Citigroup on Friday posted fourth-quarter results that beat analysts’ estimates for profit as the firm joined rival JPMorgan Chase in releasing reserves for loan losses.

Citigroup said earnings fell 7% to $4.63 billion, or $2.08 a share, compared with the $1.34 a share expected by analysts surveyed by Refinitiv. Companywide revenue fell 10% to $16.5 billion, below the estimate of $16.7 billion.

The bank released $1.5 billion in reserves for credit losses, a move that was bigger than analysts had expected. That compared with a reserve build of $436 million in the third quarter and $253 million a year earlier. As a result, credit costs in the period were more than $2 billion less than a year earlier.

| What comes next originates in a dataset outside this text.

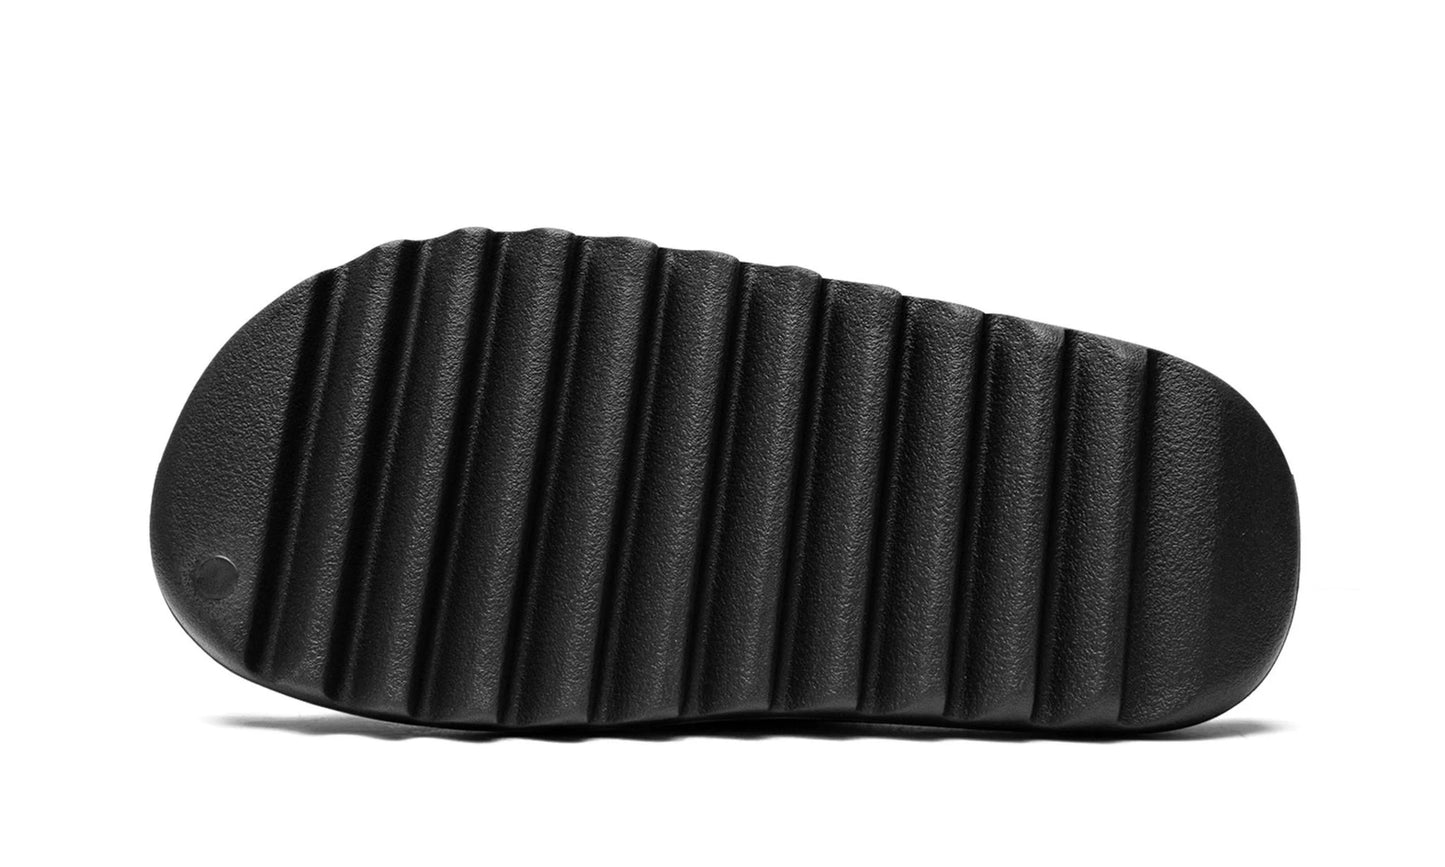 Yeezy Slide Onyx Bottom Outsole View

Last year, banks set aside tens of billions of dollars for loan-loss reserves on the expectation that Covid-related shutdowns would force customers large and small to default on loans. Now, it appears as though the industry has turned a corner and will begin releasing some of those reserves, boosting profit and their ability to repurchase stock this year.

“As a sign of the strength and durability of our diversified franchise, our revenues were flat to 2019, despite the massive economic impact of COVID-19,” outgoing CEO Mike Corbat said in the release.

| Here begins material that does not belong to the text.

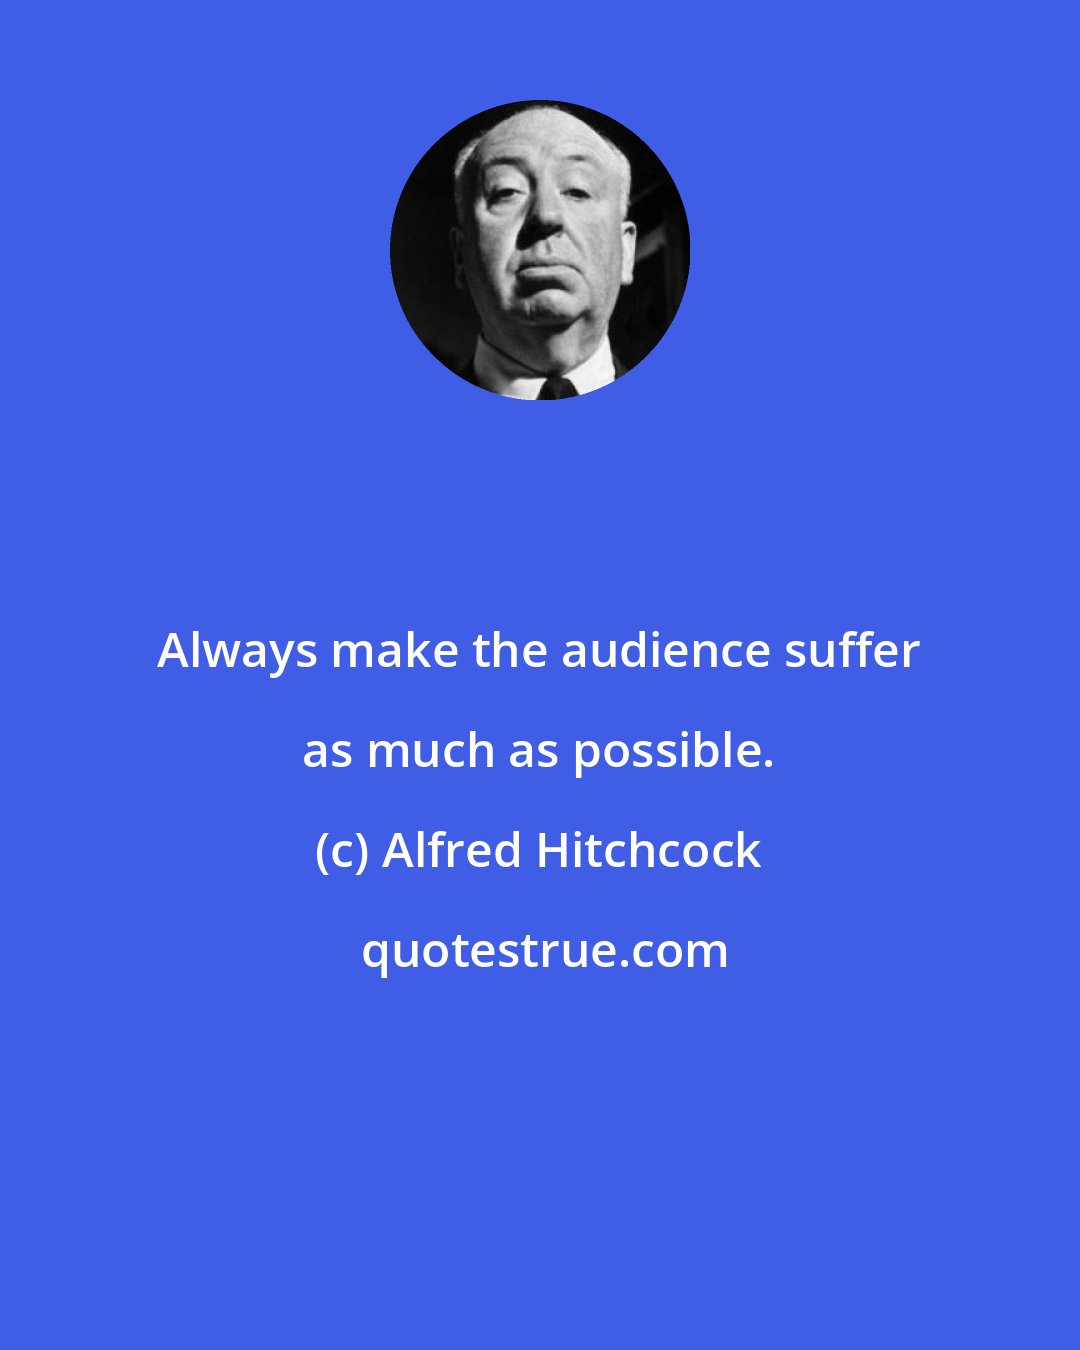 Alfred Hitchcock: Always make the audience suffer as much as possible.

Citigroup shares fell 2.5% in premarket trading Friday.

Citigroup made history when it announced Jane Fraser was taking over as CEO, making it the first big Wall Street bank to be run by a woman. Now, weeks before she succeeds Corbat, Fraser is expected to address investors and analysts for the first time on Friday. Shareholders want to hear how Fraser, a former McKinsey partner who ran Citi’s Latin American operations before becoming president in 2019, will improve returns at the company.

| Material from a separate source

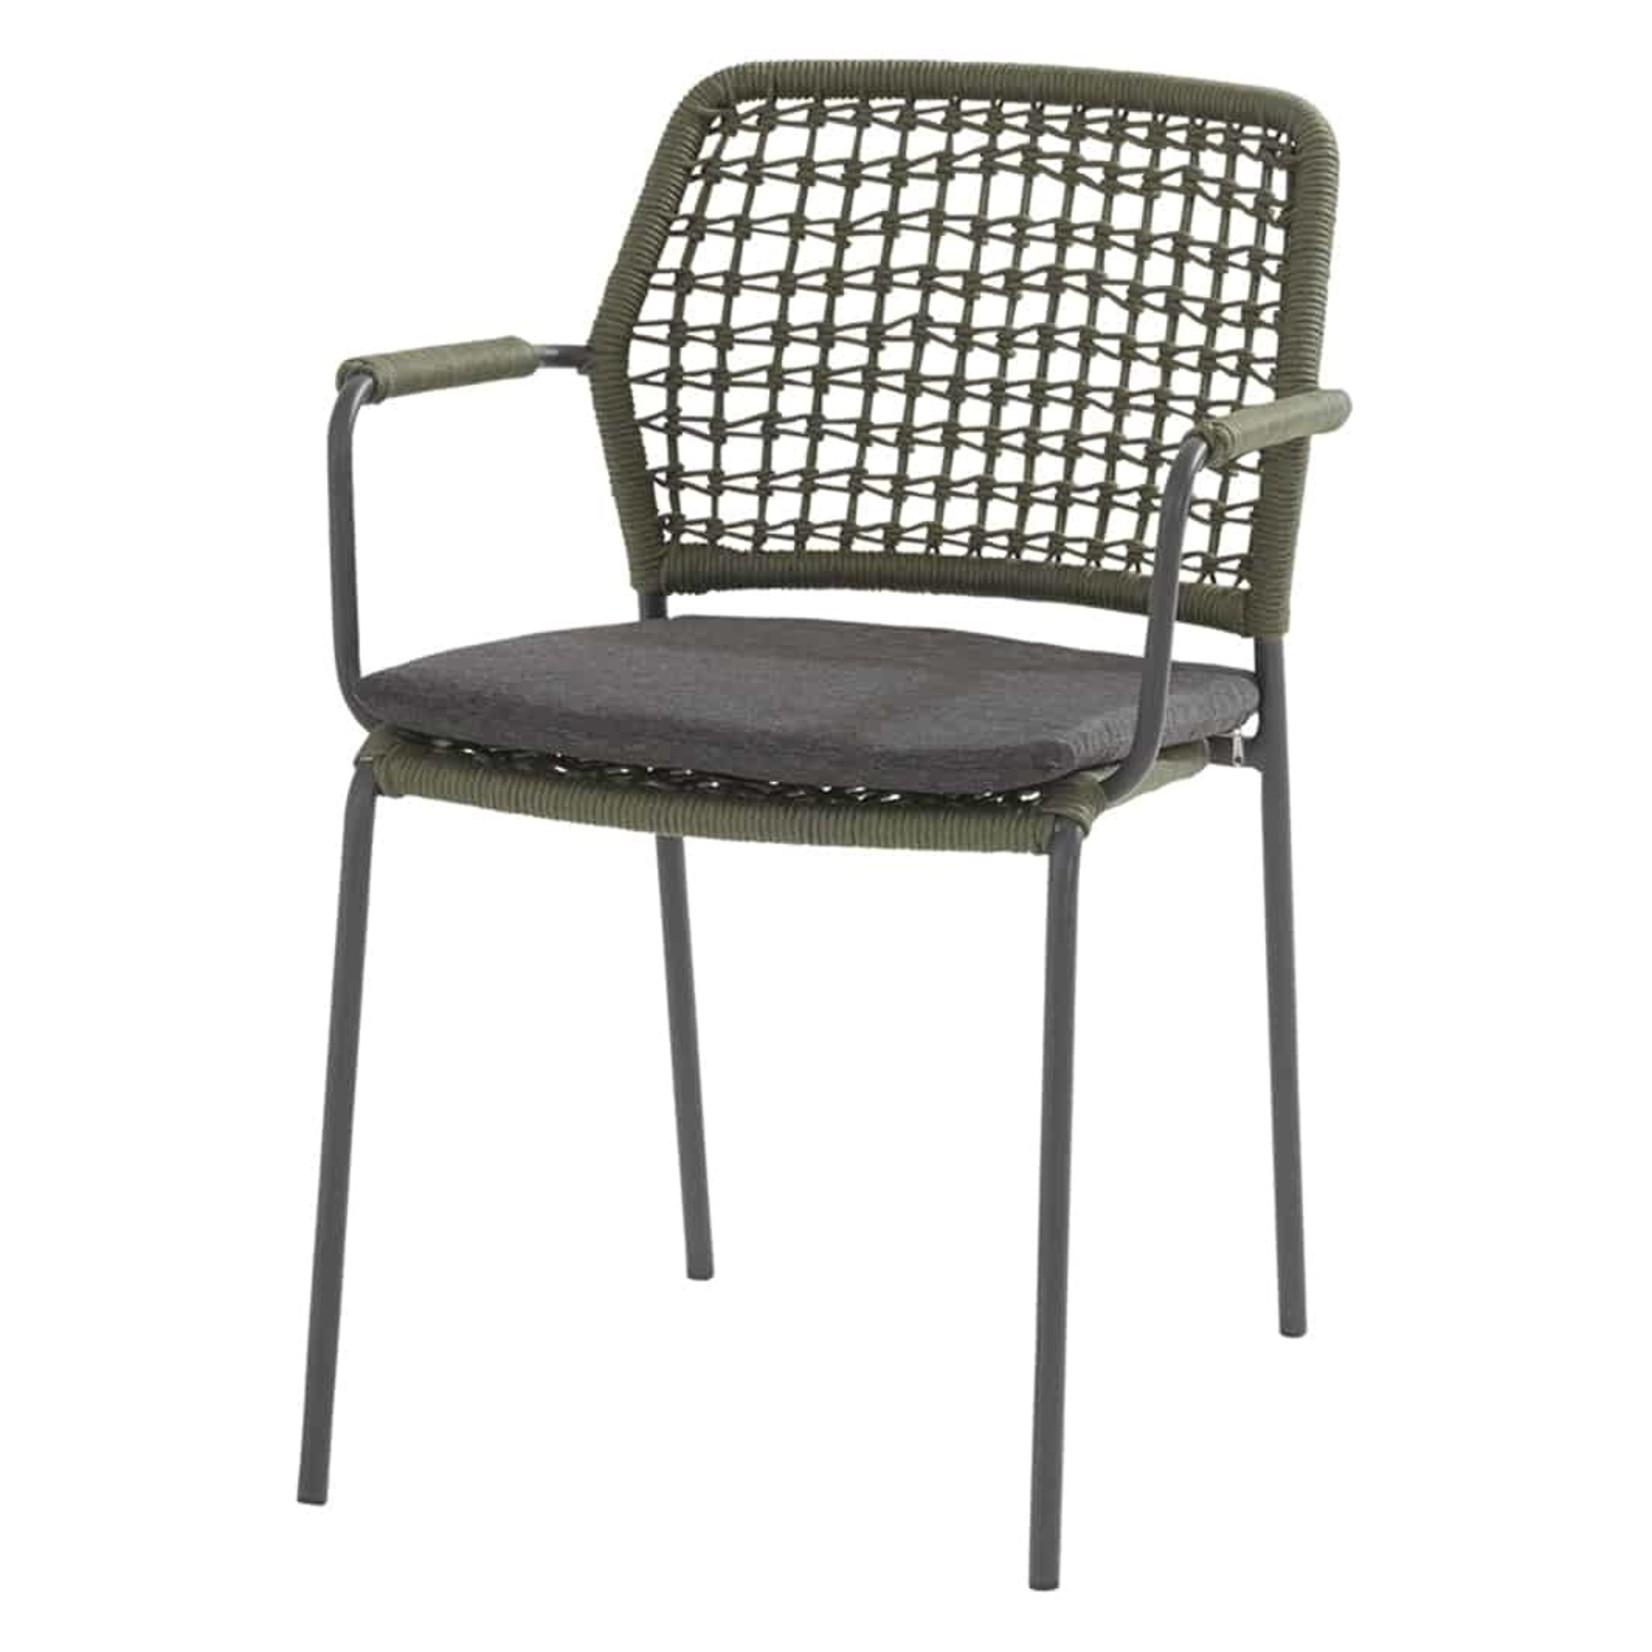 4SO 4SO Barista stacking chair Green with cushion

Citigroup, the third-biggest U.S. bank by assets, has been hobbled by relatively poor performance compared with rivals including JPMorgan Chase. The results have frustrated investors including activist hedge fund ValueAct. The bank is also toiling under a regulatory consent order to improve its internal risk controls after it accidentally sent almost $900 million to lenders of Revlon last year.

Citigroup has said it expected fourth-quarter trading revenues to climb 15% from a year earlier, while investment banking fees should climb by 10% to 15%.

Shares of the New York based bank fell 23% last year, compared with the 4.3% decline of the KBW Bank Index.

Here are the numbers:

  • Earnings: $2.08 a share, vs the $1.34 a share of analysts surveyed by Refinitiv.
  • Revenue: $16.5 billion, vs the $16.7 billion estimate.

Earlier Friday, JPMorgan reported fourth-quarter earnings and revenue that exceeded estimates.